When it comes down to it, benchmarking the maintenance cost on its own is not very useful, and in some cases it is completely misleading for business decision-making. Suboptimization through performing a maintenance cost analysis alone is a mistake that can cause top management to make poor decisions. It is important to understand that, if the product is sold at a profit, reduced downtime (allowing for increased production time) will be more important than simply cutting maintenance cost.

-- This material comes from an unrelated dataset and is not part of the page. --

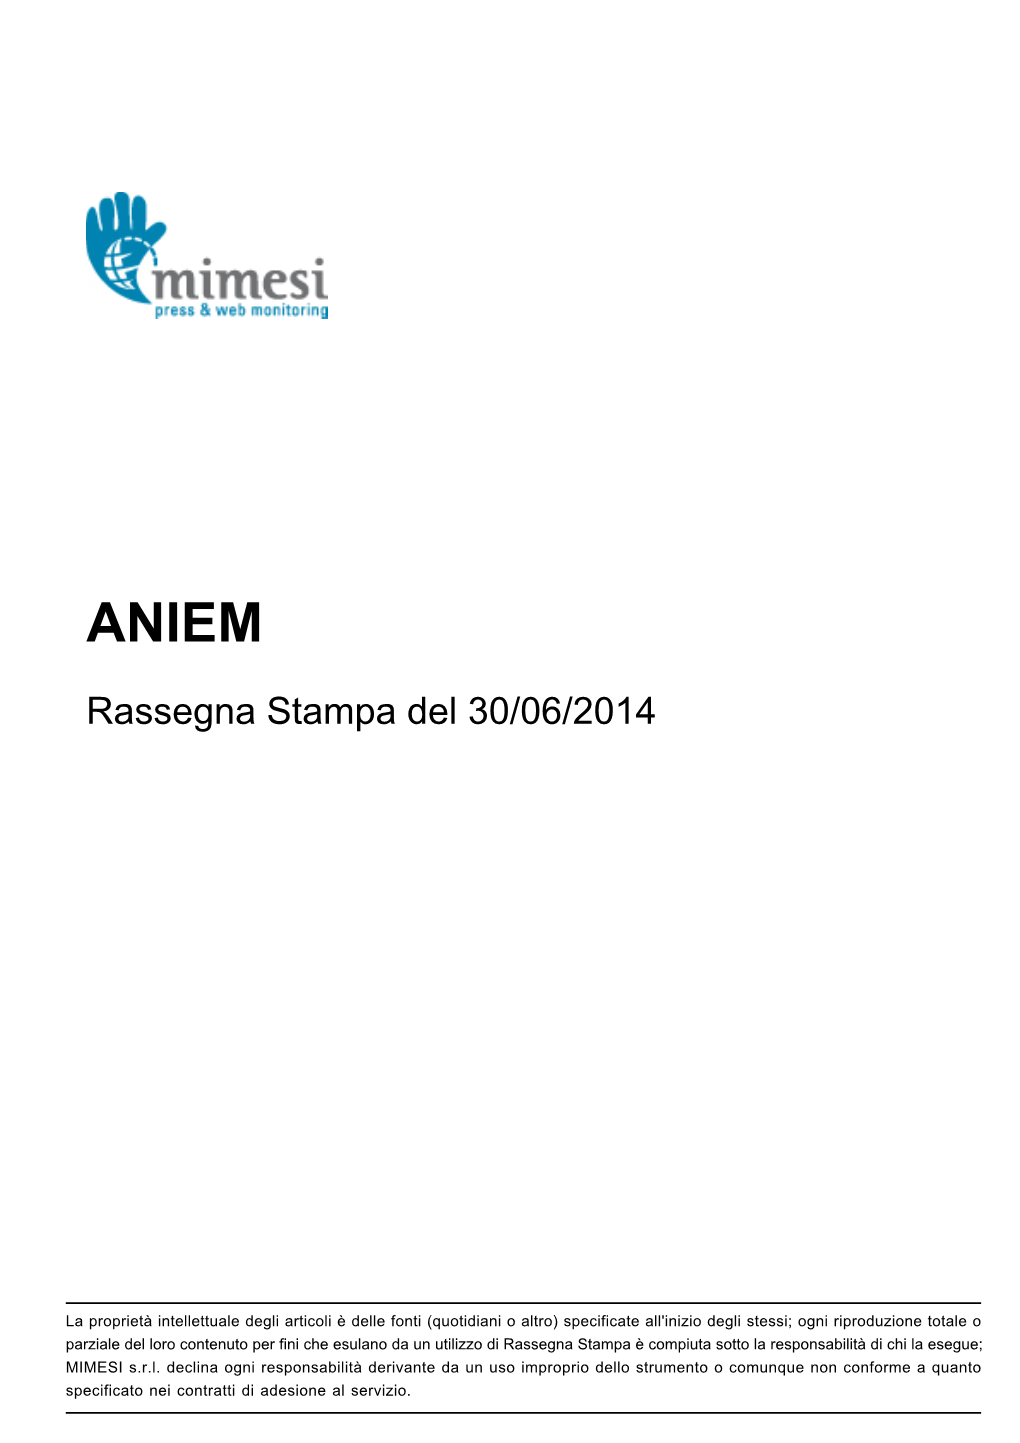 Rassegna Stampa Del 30/06/2014

SHOULD ERV BE USED AS A BENCHMARK?

One popular benchmark is the Maintenance Cost/Estimated Replacement Value (MC/ERV). Many consultants believe strongly that this is a great number to use when comparing plants. Some go as far as to claim that two percent is “best practice” or “world class.” Often, the two percent figure is used regardless of the industry being benchmarked. Due to variance in the numerator (if a/b=c, then a is the numerator, or the maintenance cost) we know that maintenance costs vary. Therefore, it really is entirely useless to benchmark the MC/ERV between different industries.

For example, consider a conveyor belt used to transport iron ore under hot and humid outdoor conditions compared with a similar belt that instead transports wood chips indoors. The belt carrying ore in the hot sun will wear more quickly than the one indoors transporting wood chips. Therefore, the maintenance cost will be higher for the belt used for iron ore. A pump for room temperature water will wear differently compared with one pumping bitumen in oil sands.

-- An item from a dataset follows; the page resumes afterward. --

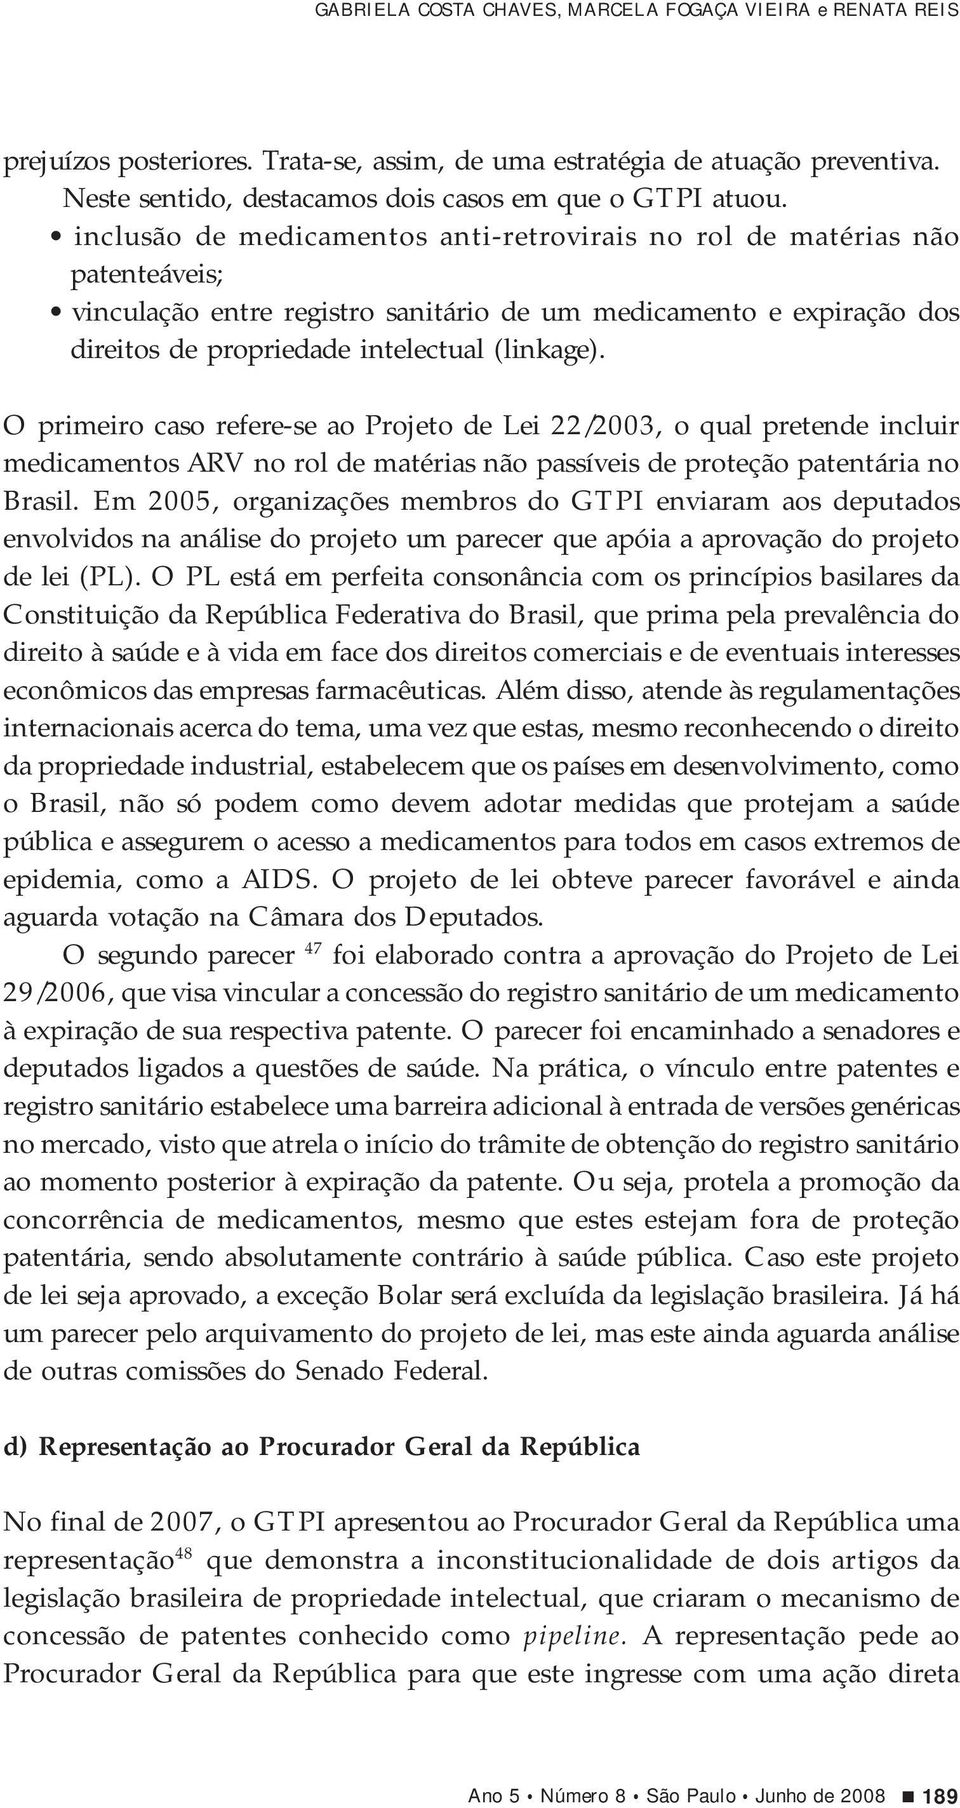 O primeiro caso refere-se ao Projeto de Lei 22/2003, o qual pretende incluir medicamentos ARV no rol de matérias não passíveis de proteção patentária no Brasil.

The ERV itself adds to the uncertainty of MC/ERV. If actual asset depreciation hasn’t been properly handled, the plant won’t have the correct number for estimated replacement value.

IS BENCHMARKING POINTLESS?

The answer is no. It is not pointless to benchmark maintenance cost. Maintenance cost is a very important performance indicator, but it should be put in perspective with all the different factors described here. Maintenance managers need to analyze age, past maintenance completed, initial investment quality (Life Cycle Cost) and all other factors. It is impossible to produce an analysis that incorporates all key factors that include maintenance cost, so the number should not be analyzed as a standalone number.

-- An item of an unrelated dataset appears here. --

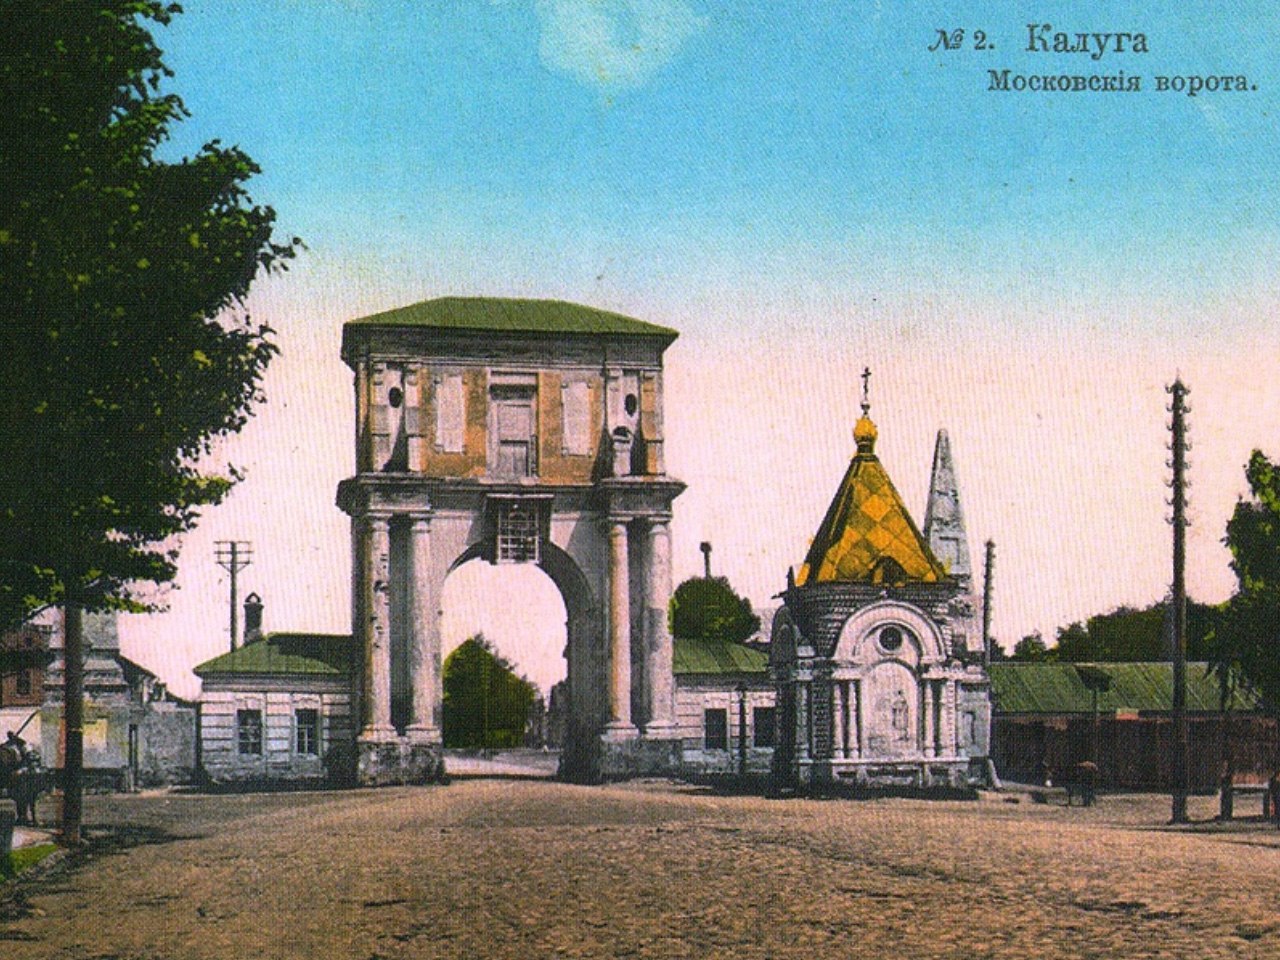 Павильон «Московские ворота» в Калуге —

What can and should be analyzed is maintenance cost performance over time within a specific plant—not comparing it with other plants. The cost should be analyzed together with a set of additional “balancing” KPIs such as Overall Production Efficiency (OPE), total cost, revenue, etc.

What should the main goal be for maintenance management if it isn’t simply to reduce maintenance cost? Let’s look at maintenance cost from one more angle.

If reducing maintenance cost is the key goal for a maintenance department, it is very easy to achieve. Just stop doing maintenance work and your cost will be zero. Goal achieved! Some may say that idea is silly—no mine, plant, or paper mill would do that. Of course not, but why wouldn’t they?

If you stop doing maintenance work, the equipment and plant will stop running, and your revenue will disappear into thin air. Plants should define what the outcome of the maintenance department should be. This is a vital discussion to have because it entirely changes the approach to maintenance in an organization. The product of maintenance work should not be service. It is not repair and it is not cost. The outcome of maintenance work is equipment reliability.

If the goal for maintenance is equipment reliability instead of maintenance cost reduction, high reliability will reduce the cost over time, and you will get the best of both worlds.